E-mail: eriq.gardner@thr.com
Twitter: @eriqgardner
The Marilyn Monroe estate gave THR a statement:
“The Estate of Marilyn Monroe is the sole and exclusive holder of Marilyn Monroe’s personality and identity rights and rights in the MARILYN MONROE trademark, and the unauthorized use of Ms. Monroe’s identity and persona, such as that contemplated by Digicon Media, violates and infringes the Estate’s rights in derogation of several Federal and State laws.
New and emerging digital and holographic technologies present the Estate and Authentic Brands Group with a host of intriguing opportunities befitting an icon of Ms.
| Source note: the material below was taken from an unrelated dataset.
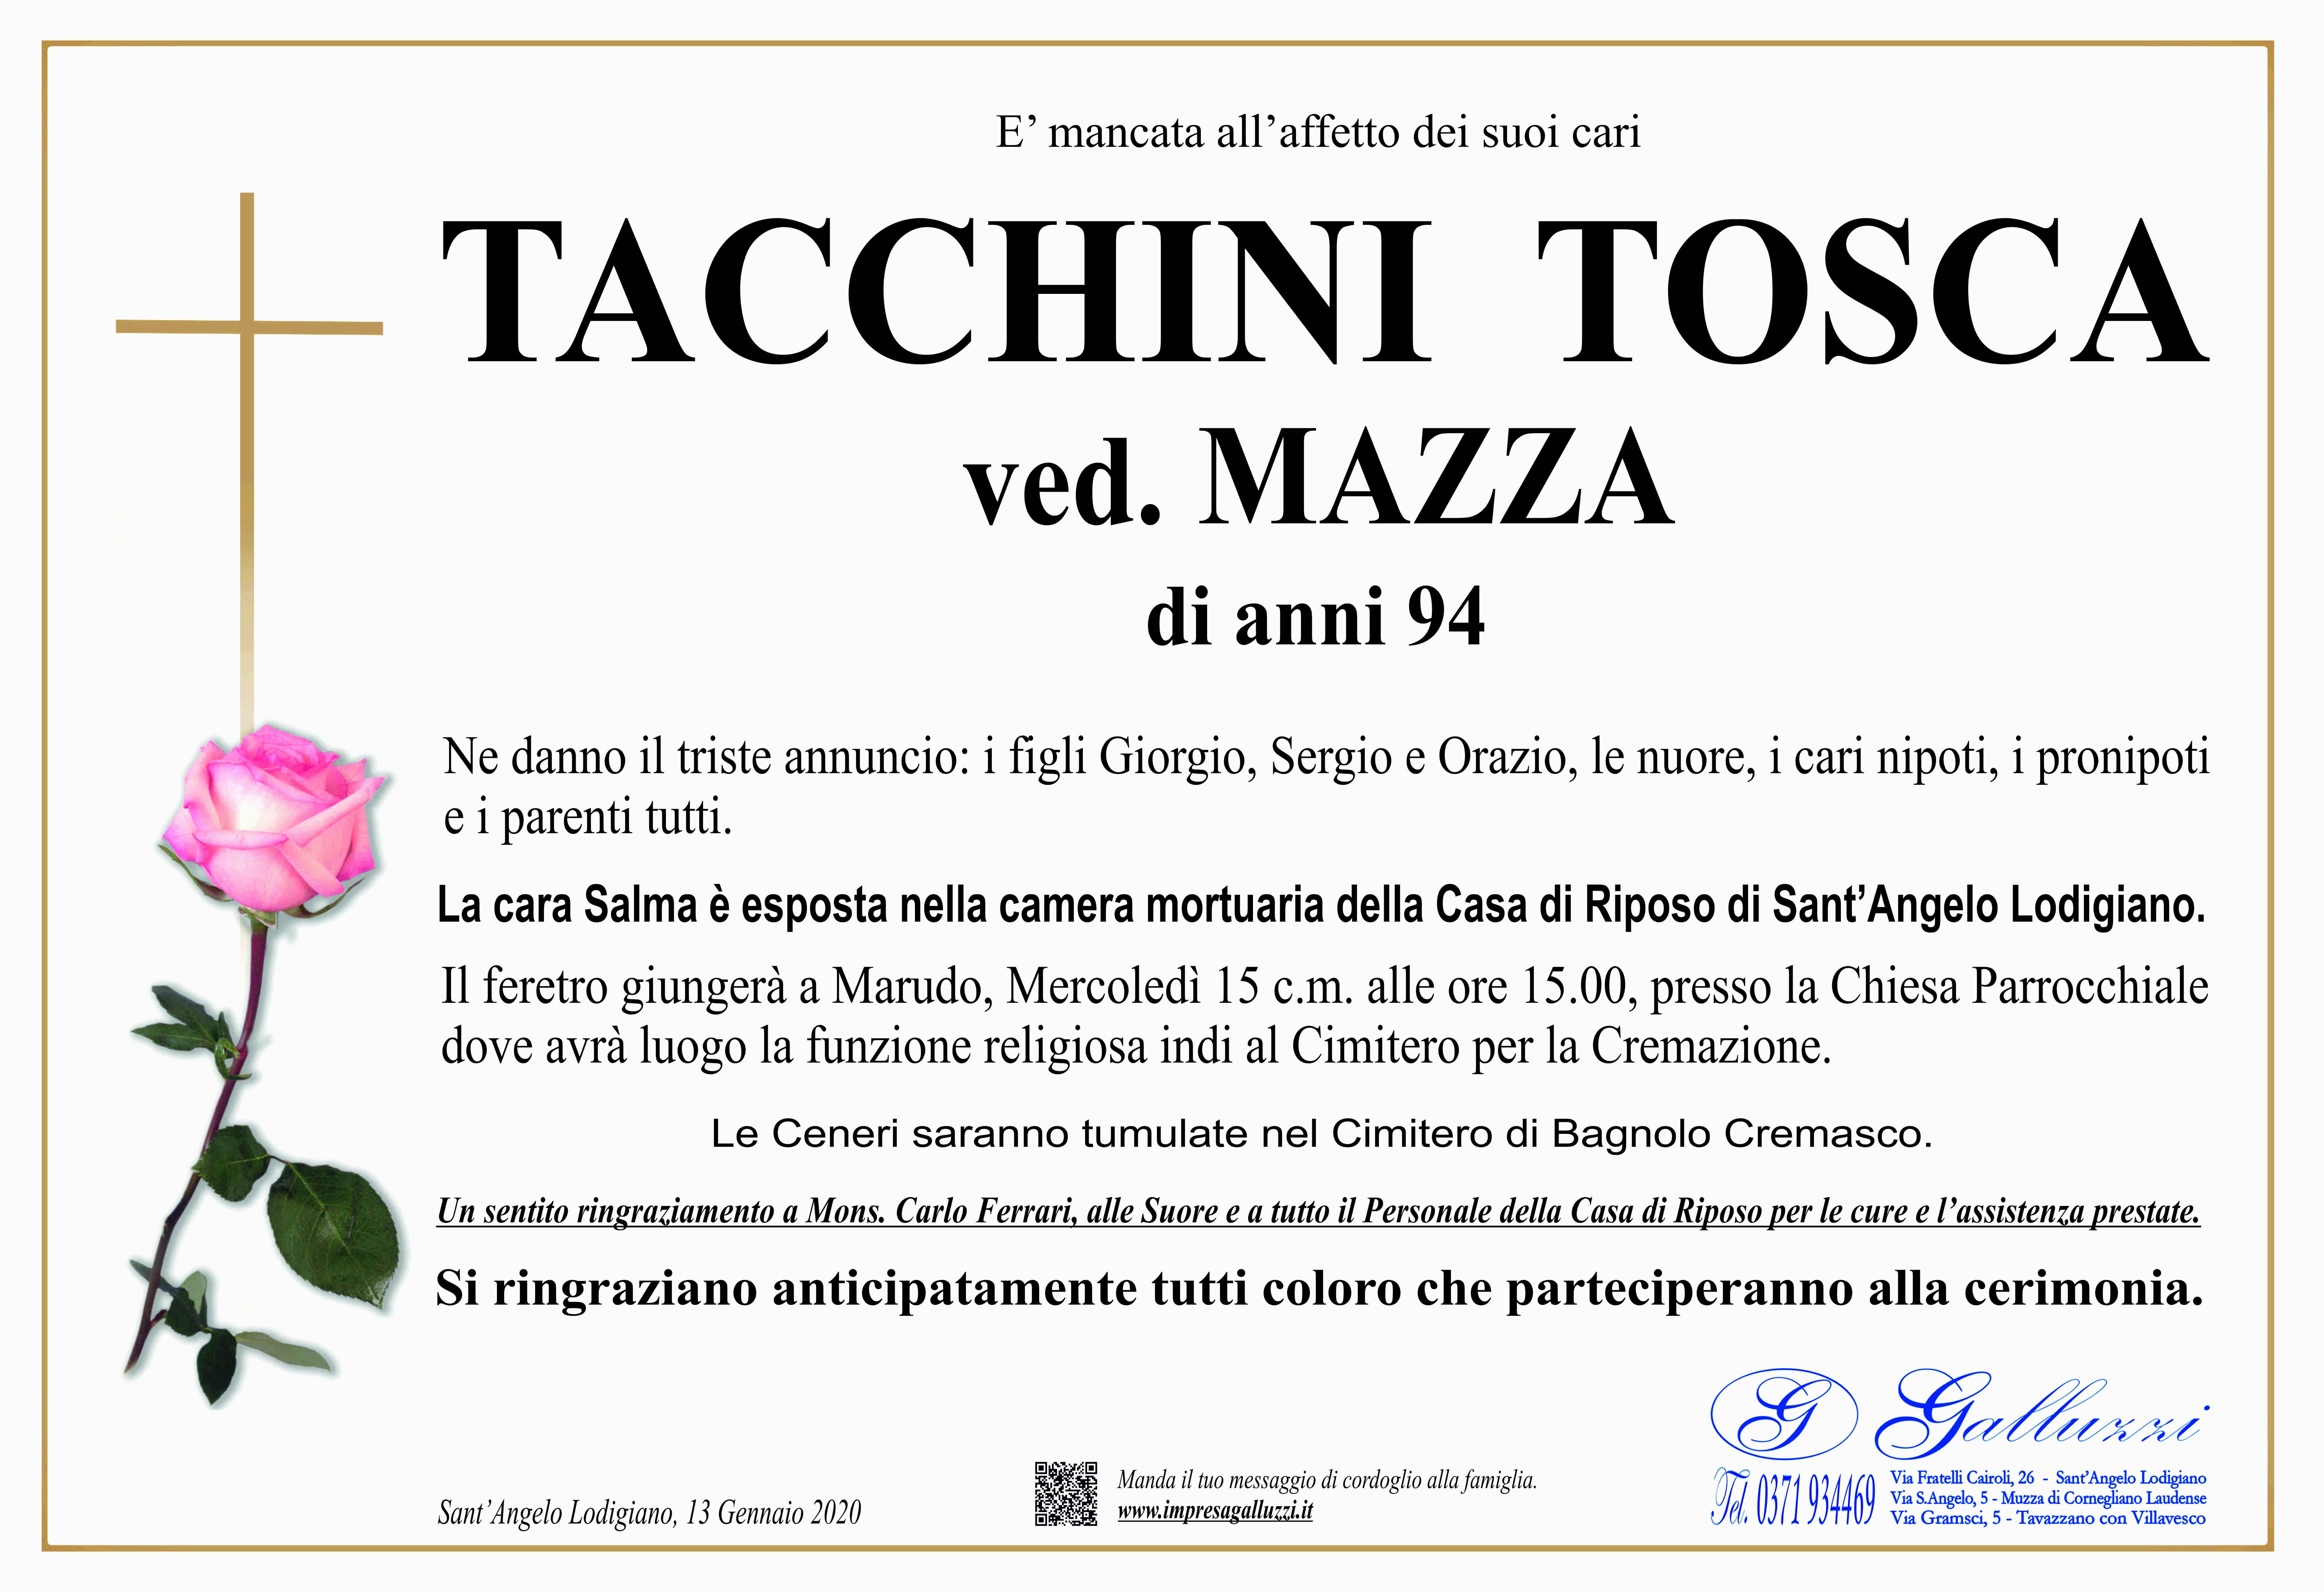 Tosca Tacchini

Monroe’s caliber.
To that end, the Estate and Authentic Brands Group look forward to teaming with best-in-class partners in these fields to bring Ms. Monroe’s fans top-of-the-line, exciting entertainment experiences. The Estate is unfamiliar with Digicon Media’s capabilities as a developer and producer of digital and holographic technology, and is unaware of any successful attempt by Digicon to organize any meaningful exploitation of the crudely animated character that it claims to be a representation of Ms. Monroe and which it allegedly created in the mid-1990s. The Estate and Authentic Brands believe that the technological advancements made since that decade allow talented developers to create superior virtual characters, akin to the virtual Marilyn Monroe character portrayed in Dior’s popular ad campaign for its J’Adore perfume.
The Estate’s cooperation is required if anyone intends to market and exploit Ms. Monroe’s identity and persona through a “live” concert or otherwise, and Digicon has not secured any such cooperation from the Estate to date.”
Digicon responds:
“This is the first known example of the US Copyright Office’s registration of a copyright on an original character adopting the persona of a deceased iconic personality. VM2-Virtual Marilyn, with the adopted persona of Marilyn Monroe, became a copyright protected character like Batman, SuperMan, Mickey Mouse.
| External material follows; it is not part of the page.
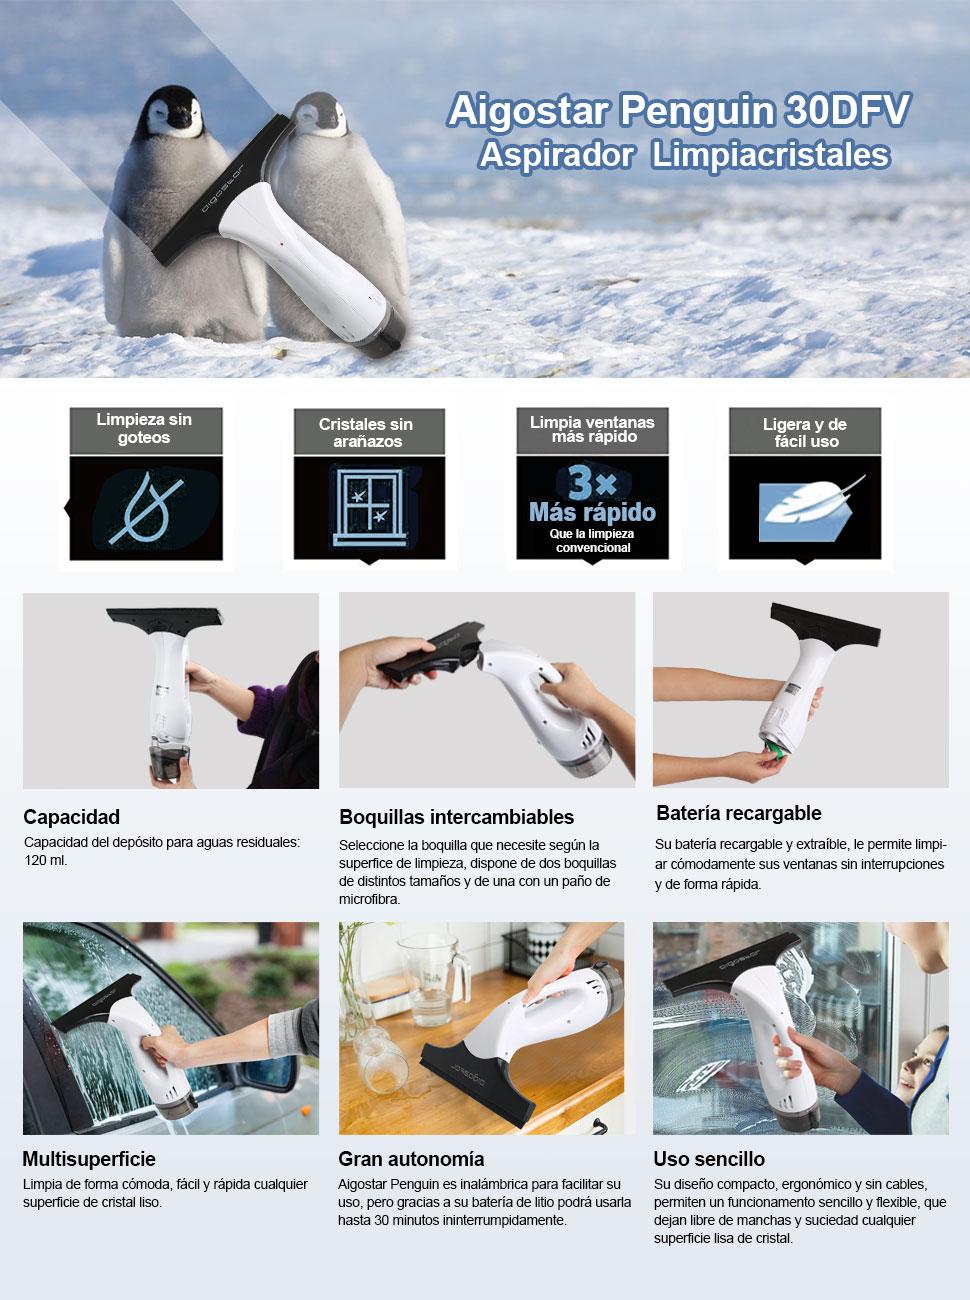 Aigostar Penguin 30DFV – 12W Aspirador limpiacristales especialmente diseñado para limpiar ventanas. Inalámbrico, incluye vaporizador, boquilla con paño de microfibra y aspiradoras intercambiables: Amazon.es: Hogar

Comments by the Marilyn Monroe Estate in an article in a Hollywood magazine regarding its purported rights to the persona of the deceased actress, Marilyn Monroe, contradict the rulings of two federal judges in 2008, who sanctioned and fined the Estate and its prominent counsel, for deceiving the court regarding these rights which they knew could not have been inherited based on the law of the domicile where she died.
Yet for more than 40 years the Estate demanded licenses for publicity rights to Marilyn Monroe’s name and likeness it knew it never inherited…and the court said that the Monroe Estate and their attorneys engaged in unacceptable shenanigans..for misconduct in failing to disclose that the Estate knew it had no such rights yet continued to assert them to the court anyway.
This copyrighted computer generated character, VM2-Virtual Marilyn will be launched in a globally webcast live concert now in development for the end of the year or the first quarter of 2013.We are partnering with two non-profit charitable organizations who will be the beneficiaries of 70% of the net proceeds.”